The following SPSS code re-bases the weight variable for the Alberta
sub-sample of the 1991 individual PUMF.
compute wt=weightp*(75506/2516864).
weight by wt.
The re-basing is the result of dividing 75,506 (the sample N for Albertans
in the PUMF) by 2,516,864 (the population estimate of Alberta using the
weight variable provided with the PUMF.) The new weight (wt) now has a
sample N of 75,506 (which still is HUGE by inferential statistics standards.)An SPSS job was run to determine the two numbers used in the re-basing. This must be done before the new weight variable can be created. Below is the SPSS setup to do this. See if you can find the numbers from the output below.

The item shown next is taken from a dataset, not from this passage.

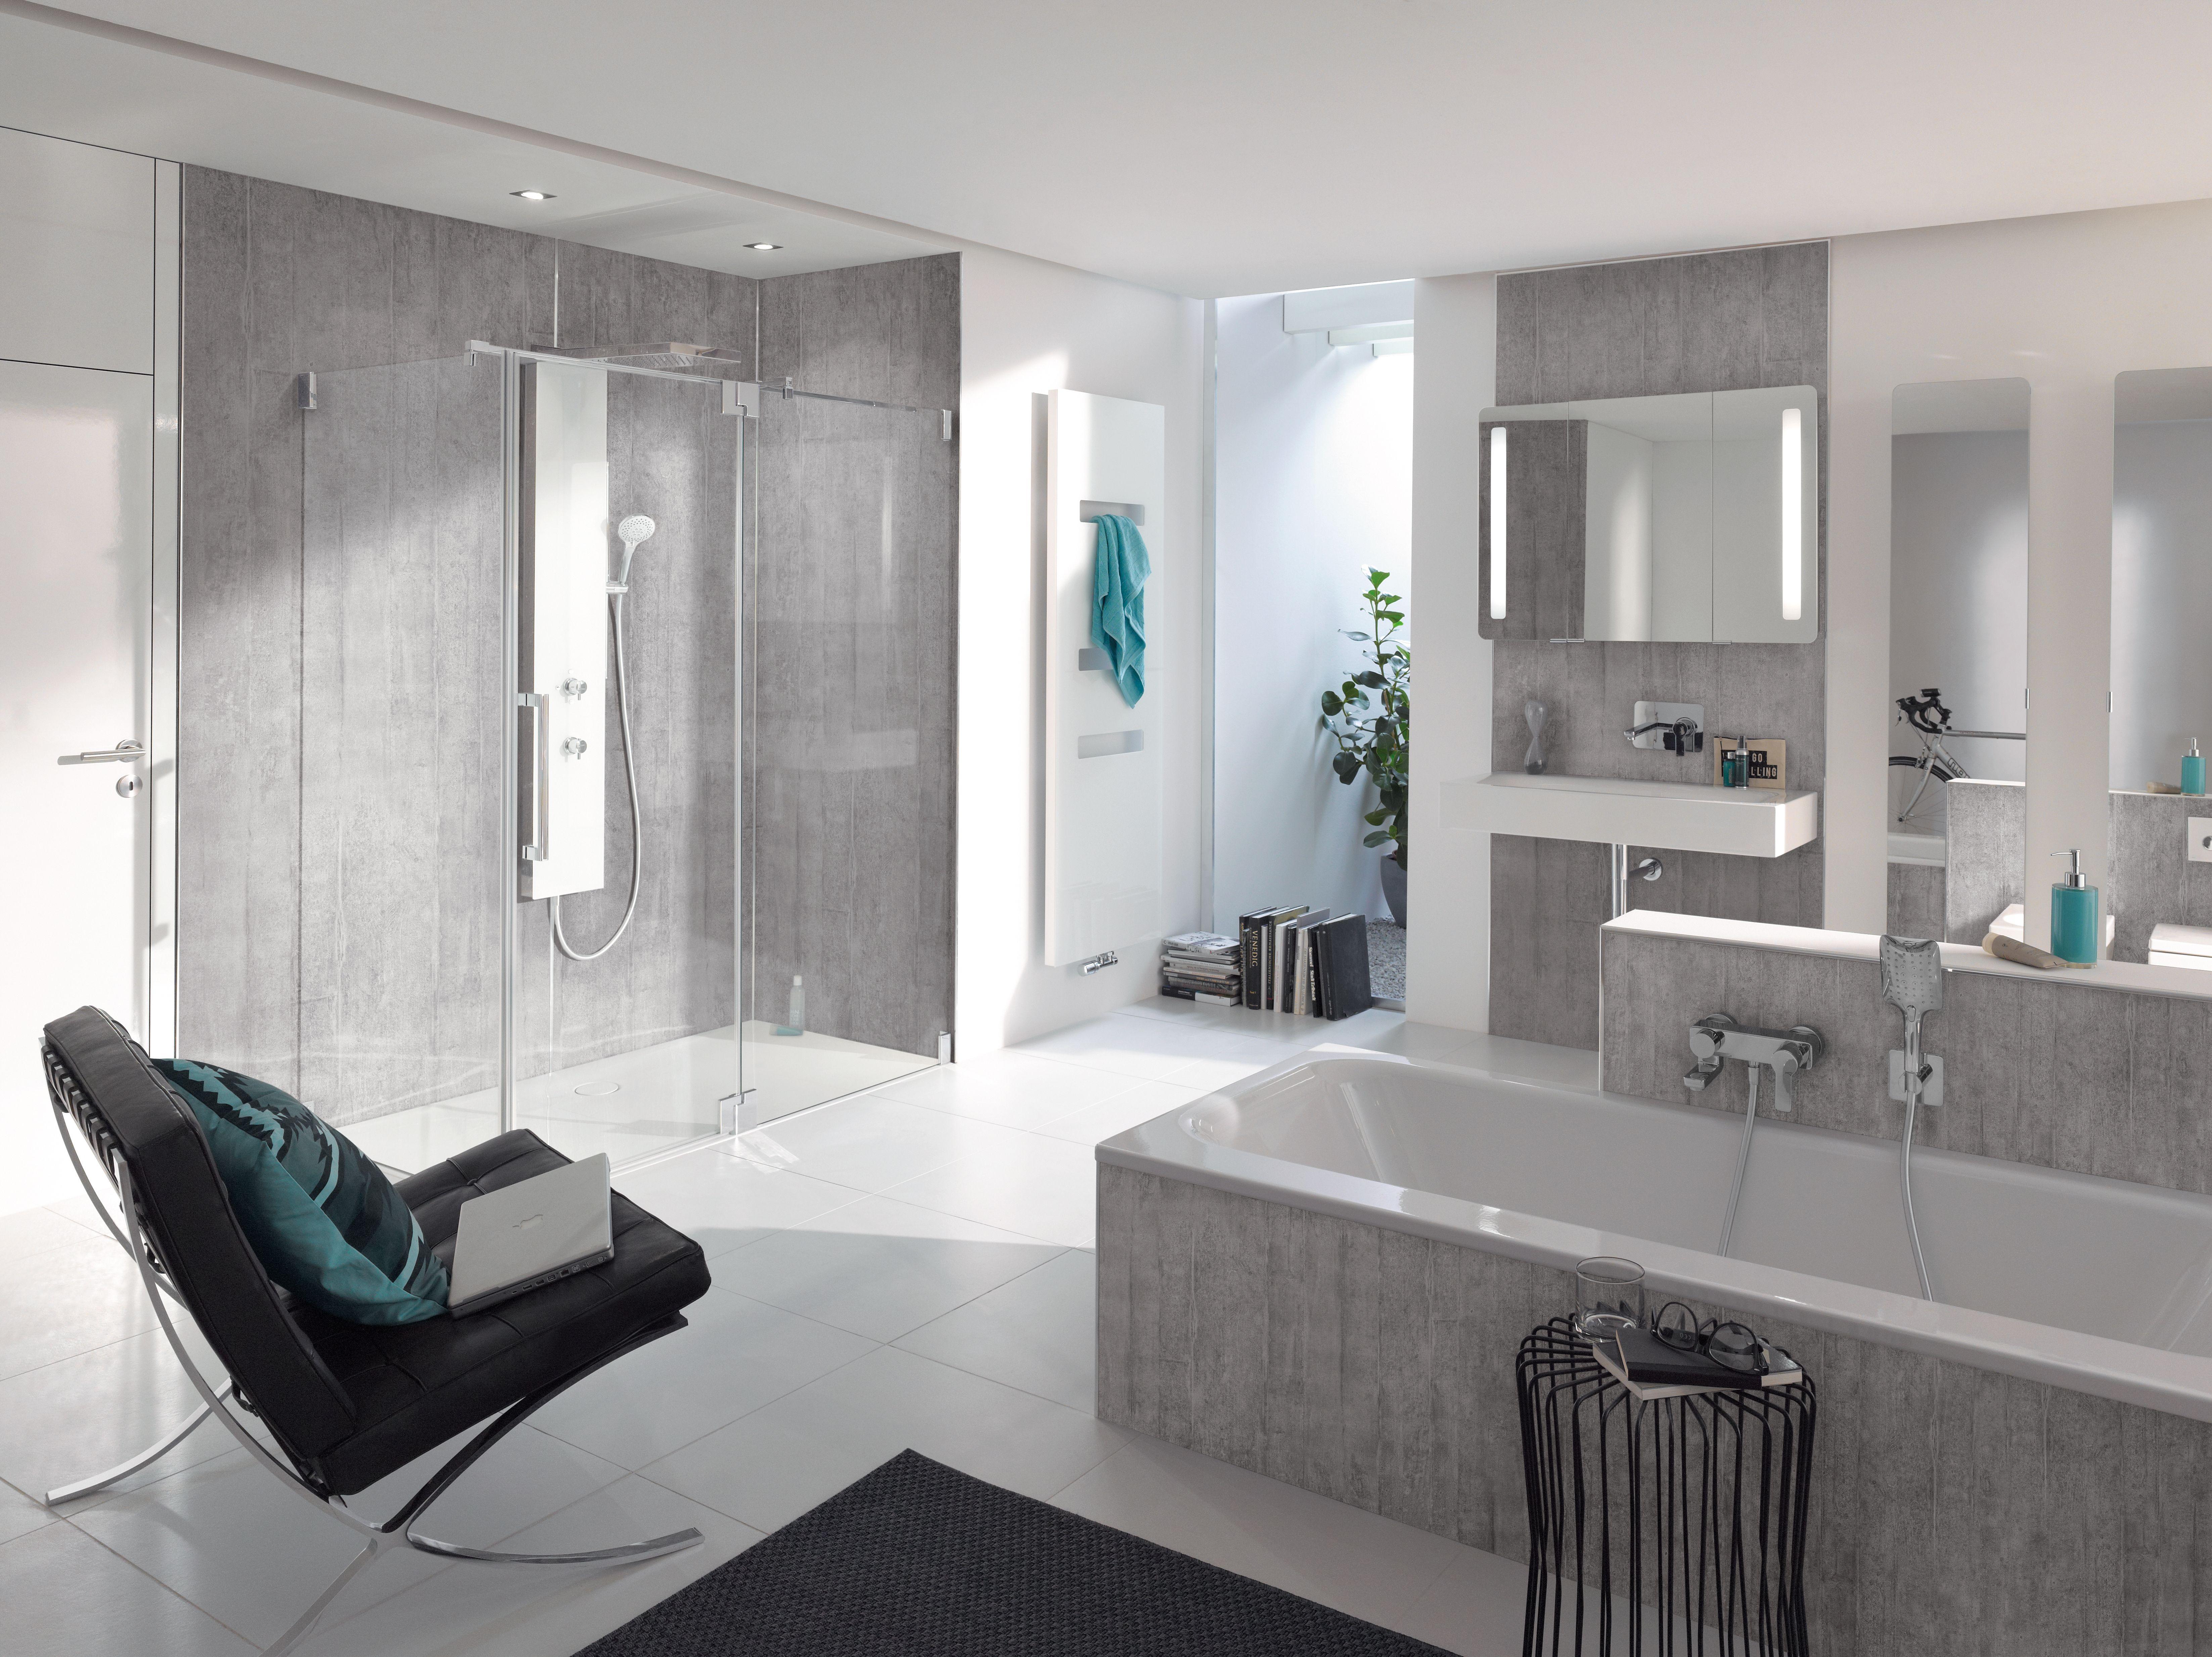 Hsk Duschkabinenbau Renodeco Sichtbeton Lichtgrau Luxusbadezimmer Zimmer Wandgestaltung

> get file='/afs/ualberta.ca/dept/business/data/census91/census91ind.syst
> keep=provp sexp marstlp totincp weightp.
> select if provp eq 48.
> frequencies variables=sexp.
SEXP Sex
Valid Cum
Value Label Value Frequency Percent Percent Percent
Female 1 37617 49.8 49.8 49.8
Male 2 37889 50.2 50.2 100.0
------- ------- -------
Total 75506 100.0 100.0
Valid cases 75506 Missing cases 0
> weight by weightp.
> frequencies variables=sexp.
SEXP Sex
Valid Cum
Value Label Value Frequency Percent Percent Percent
Female 1 1253899 49.8 49.8 49.8
Male 2 1262965 50.2 50.2 100.0
------- ------- -------
Total 2516864 100.0 100.0
Valid cases 2516864 Missing cases 0
DVCURMS2 RESPONDENT'S CURRENT LEGAL MARITAL STATUSThe total number of cases in the raw data file is 13,495. There are exactly 6,759 cases with the value 1 (i.e., married) for the variable DVCURMS2 in this file, 1,500 for widowed, 528 for married but separated, etc. But as raw frequencies, they do not adjust for the sampling method and cannot be used to generalize to the Canadian population.
[ unweight ] [ weighted 1 ] [ weighted 2 ]
Value Label Value Freq. % Freq. % Freq. %
MARRIED 1 6759 50.1 11277210 54.9 7414 54.9
WIDOWED 2 1500 11.1 1124533 5.5 739 5.5
MARRIED BUT SEPARATE 3 528 3.9 598178 2.9 393 2.9
DIVORCED 4 975 7.2 1281271 6.2 842 6.2
SINGLE 5 3622 26.8 6124539 29.8 4027 29.8
NOT STATED 9 111 .8 119830 .6 79 .6
------- ----- -------- ----- ----- -----
Total 13495 100.0 20525561 100.0 13495 100.0
The middle figures for WEIGHTED 1 are based on applying the weight variable contained in the GSS 91 file, namely, FWGHT. Notice two things about applying the weight variable. First, the total N becomes 20,525,561 or the total number of Canadians in 1991 who were 18 years of age or older. Secondly, notice that the percentages differ between the unweighted and weighted distributions. This is due to the adjustment for the sampling methodology. When sampling, STC oversampled widows and divorced to ensure capturing people in these categories in the study. The weight variable corrects for this bias. Thus, 54.9% of Canadians in 1991 were married (not 50.1% as reflected in the unweighted frequency distribution.)
Finally, the re-based weight variable returns the overall N to 13,495 (i.e., the size of the sample.) Notice however, the percentages are maintained between STC's weight variables (FWGHT) and the re-based weight variable (WT). In other words, the weighted sample using WT corrects for the sampling method but also allows working with an N equal to the original sample size. The one advantage of working with the smaller N is that some researchers prefer using inferential statistical tests that simply have little meaning with the population N produced with the STC weight variable.
The bottom line: doing statistics without using one of the two weight variables produces biased results that prevents one from making generalizations to the full population. In other words, you need to apply a weight variable when doing statistical analysis with the 1991 GSS. Now, which weight variable? It doesn't really matter whether you use FWGHT or WT. Either corrects for the sampling methodology. The choice is more one of ease in working with statistical tests.